Cover photo for Clayton Floyd Parkinson's Obituary
Clayton Floyd Parkinson Profile Photo
1933 Clayton 2023

Clayton Floyd Parkinson

April 9, 1933 — August 30, 2023

St George/Smithfield

Clayton Floyd Parkinson, DDS, PhD, of St. George, Utah, and Smithfield, Utah died August 30, 2023 in Taylorsville, Utah. He valued hard work and integrity. He left behind a growing family and thousands of students and patients whose lives he changed through academic motivation and skilled dental surgery. 

Clayton was born on Easter Sunday, April 9, 1933, in Smithfield, Utah to Charles Floyd Parkinson and Eva Melvina Thornley Parkinson on the kitchen table at his mother’s family home. He spent his early years in Cache Valley as a farm hand where he took pride in “topping as many beets as men twice my age and double my weight” in fields owned by his uncles Donn and Glen Thornley. Clayton graduated from North Cache High School in 1951, enrolled at Utah State, and worked at Orlo’s grocery store. It was at work where he met his first love, MaLoy Nielson. They were married June 18, 1952 in the Logan, Utah Temple.

Clayton and MaLoy welcomed their first child, LeAnn, in Smithfield and soon after packed their belongings in a 1948 Dodge and drove cross country for dental school at Northwestern University near Chicago, Illinois. Their second daughter, LaNea, and their son, Kent, were born in Chicago. Clayton worked two night jobs and attended day classes at Northwestern while MaLoy carefully stretched dollars at home. Together, they provided the bare necessities to “keep bodies and souls together, albeit loosely,” Clayton later wrote.  He graduated as a dentist in May, 1958 and joined the U.S. Air Force assigned to Laughlin Air Force Base in Del Rio, Texas.

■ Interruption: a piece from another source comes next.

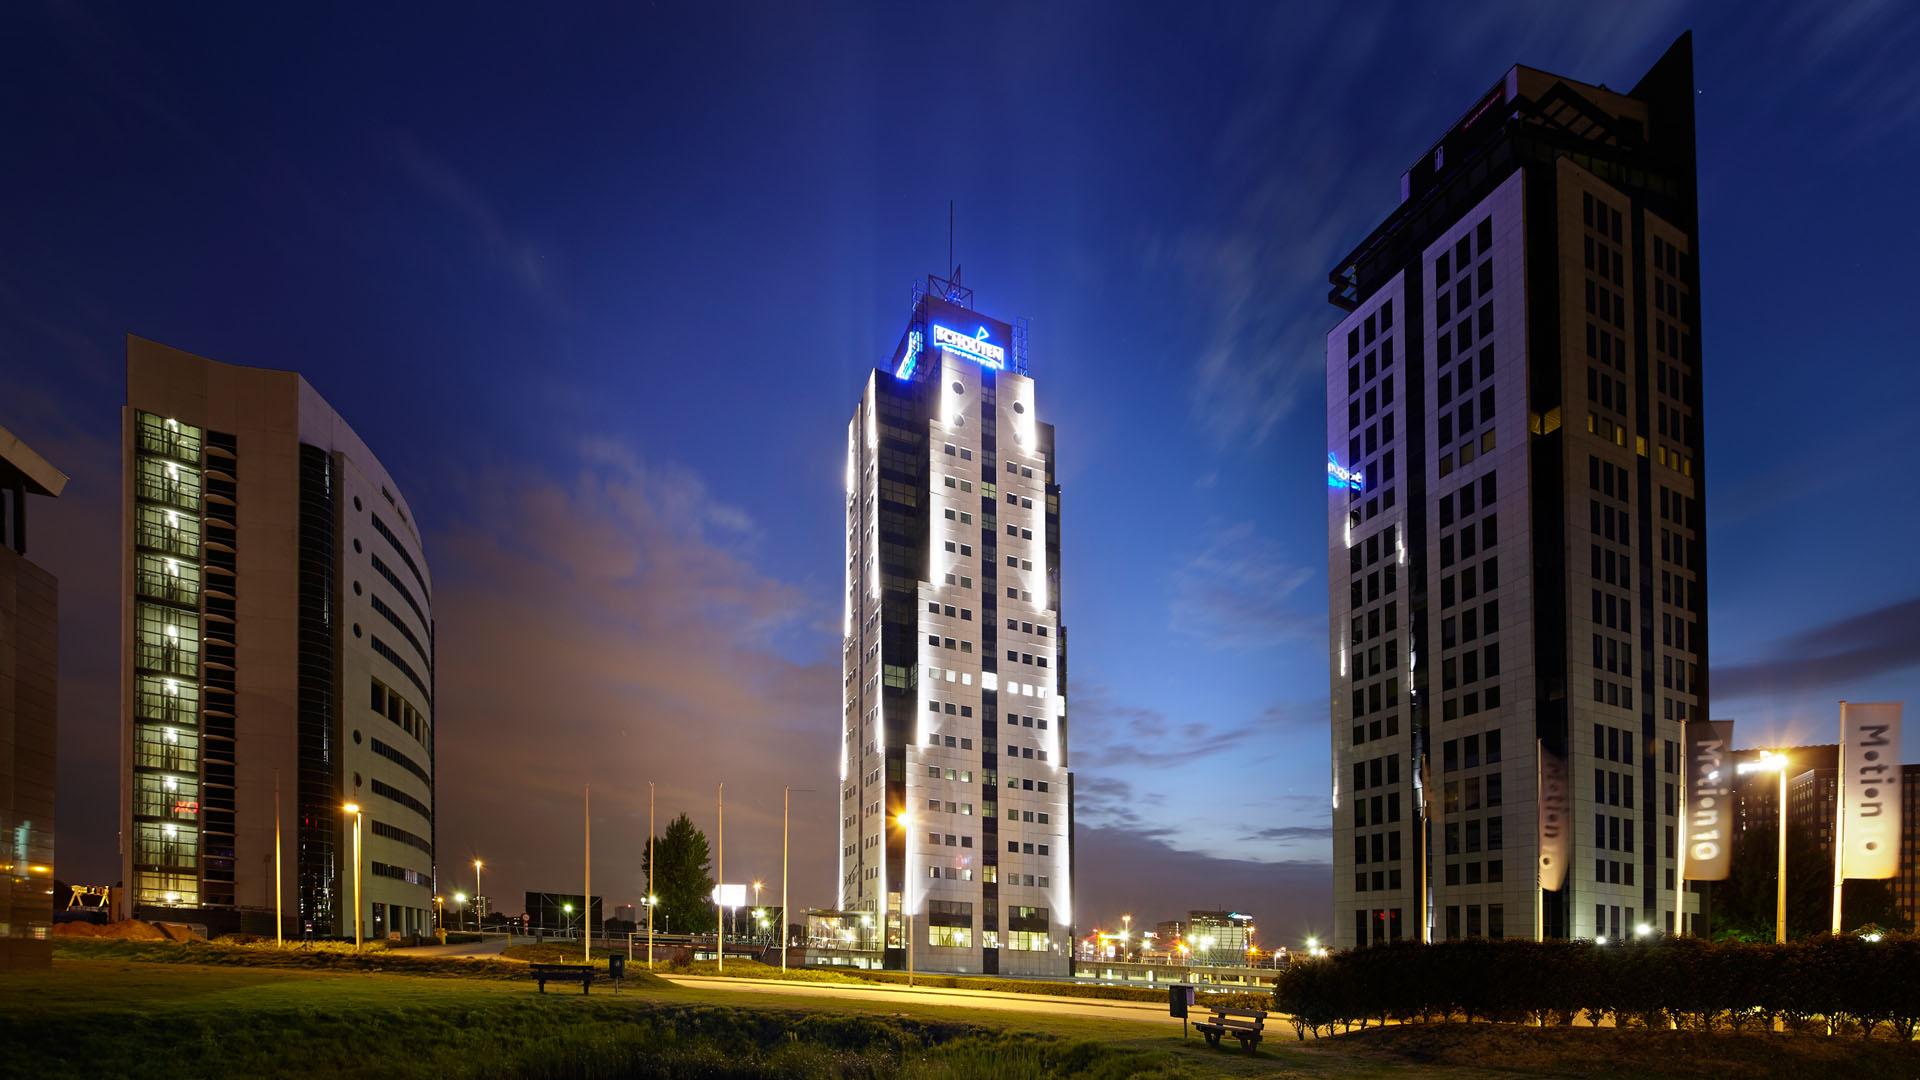 MAASS-Lichtplanung_Fassadenbeleuchtung in den Niederlanden__MAASS-Shouten-Toren-004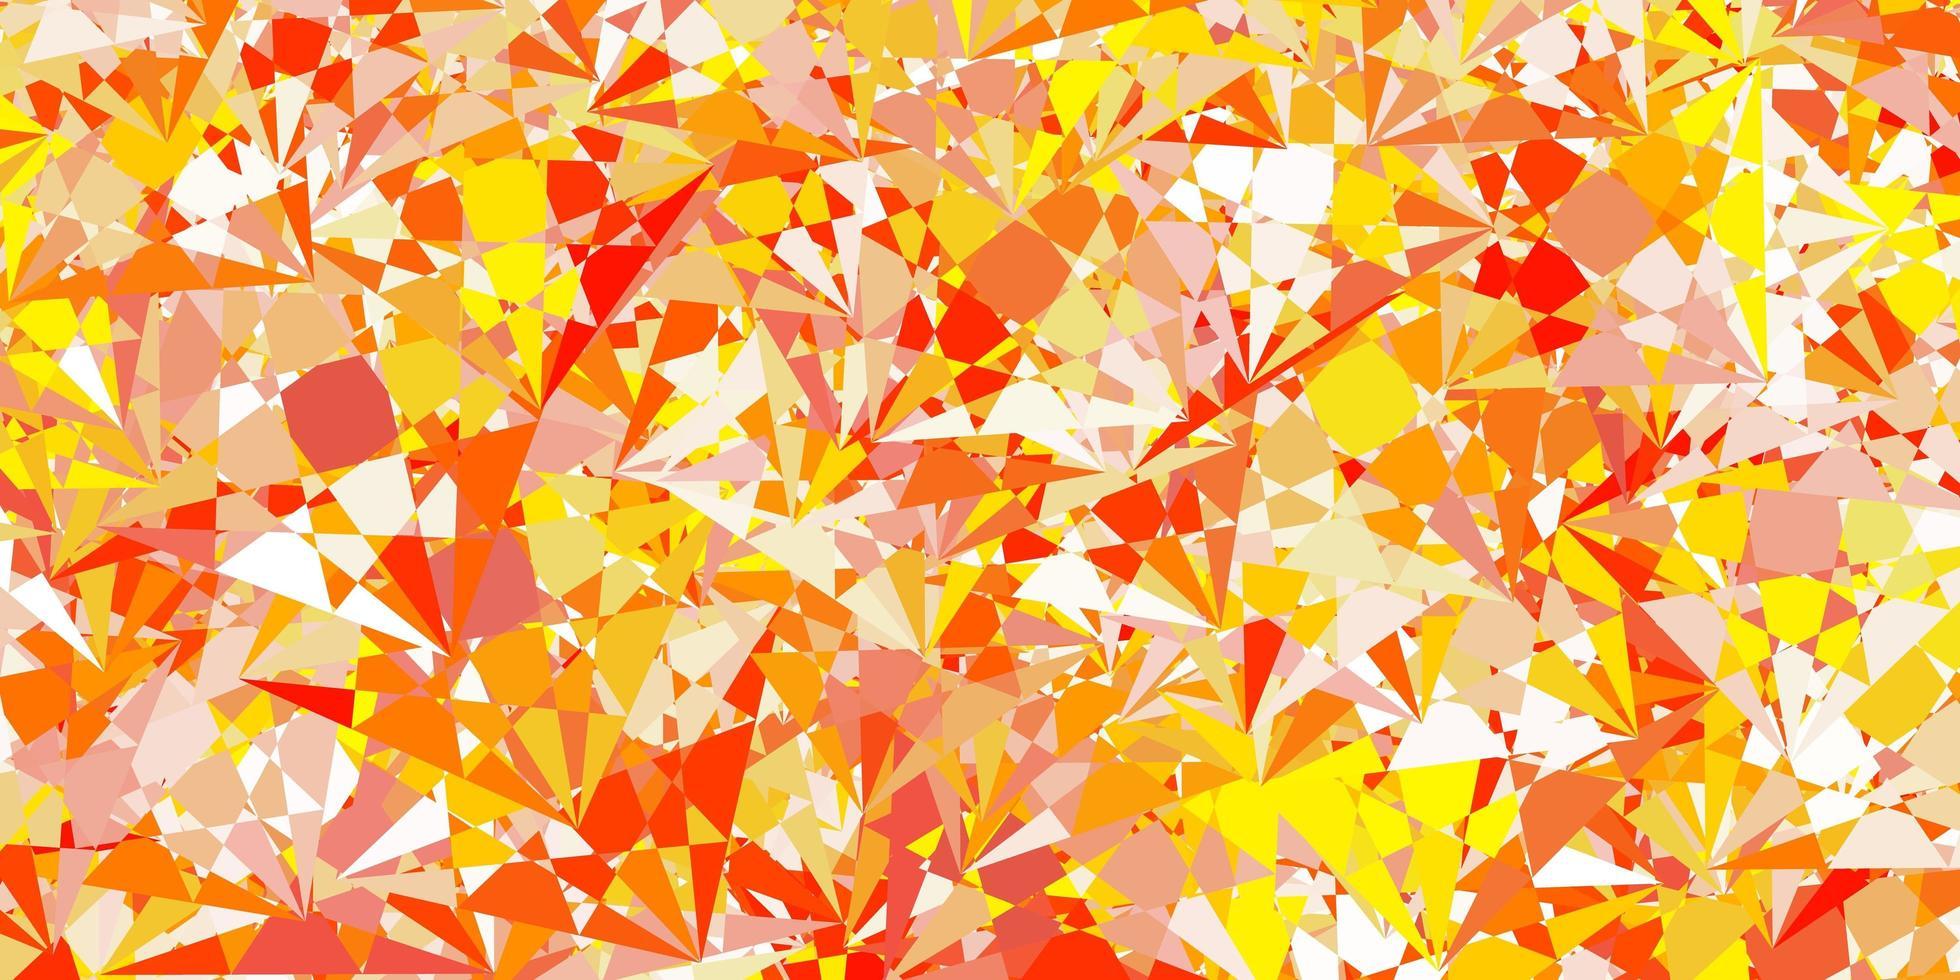 padrão de vetor laranja claro com formas poligonais

After two years together in Texas, June 1961 brought tragedy to Clayton’s young family with MaLoy’s death following a miscarriage. Now as a single parent, Clayton accepted an honorable discharge from the Air Force and moved back to Utah where MaLoy’s family cared for the children and he opened his first dental practice in Roy, Utah. There, again at work, Clayton met his second love, Sharon Lea Berry, who had just graduated from Bonneville High School in Ogden, Utah and was Clayton’s first chair side dental assistant. He and Sharon married in the Salt Lake Temple in June 1962. The newly constituted family started life in full together in Blanding, Utah where Clayton opened a dental practice. They welcomed a daughter and sister, Kallie, and a second son and baby brother Paul (Chip) in San Juan County.

Over the subsequent decades, Clayton opened and closed private dental practices in Logan and St. George, Utah where he specialized in endodontics while also discovering his passion for teaching. He completed professorships in dental schools at the University of Connecticut, University of Mississippi (Ole Miss), and the University of Missouri Kansas City. He was respected for holding his students to high academic standards and hands-on excellence that he believed would serve their patients well. During his teaching assignments, Clayton also faithfully completed church callings in local LDS wards including as a member of the LDS Stake Presidency in Jackson, Mississippi.

Clayton retired from Weber State University in 2009 after a decade of inspiring nursing and dental hygiene students to learn the fundamentals of pathophysiology. In retirement to St. George, Utah with Sharon, Clayton authored multiple pathology textbook supplements and put his skilled hands to work turning wood into pepper mills and pens. His creations were a popular hit with St. George friends and visitors to the Saturday Market at Tuacahn in Ivins, Utah.

Altogether with MaLoy and Sharon, Clayton’s family has grown to 15 grandchildren, 34 great grandchildren, and two great great grandchildren. He was predeceased by MaLoy and Sharon, his father and mother, his sister Sharon and brother William, and his daughter Kallie. He is survived by his two sisters Trena Wharton (Dale) and Domani Jardine (Guy), and his children LeAnn Holt (Paul, deceased), LaNea Clement (Rob), Kent Parkinson (Lee Ann), and Paul Parkinson (Fanone).

A visitation and brief program will be held at Allen-Hall Mortuary, 34 East Center Street, Logan, Utah on Saturday, September 9, 2023 from 11 a.m. to noon with a graveside service and burial following at the Smithfield, Utah cemetery beginning at 12:30 p.m.

In lieu of flowers, please provide donations in Dr. Parkinson’s memory to the staff at Meadow Peak Memory Care Unit via Venmo to @chipper18. Clayton’s family wishes to thank the certified nursing assistants, medical technicians, and managers at Meadow Peak for their loving and respectful care of Clayton during the past year.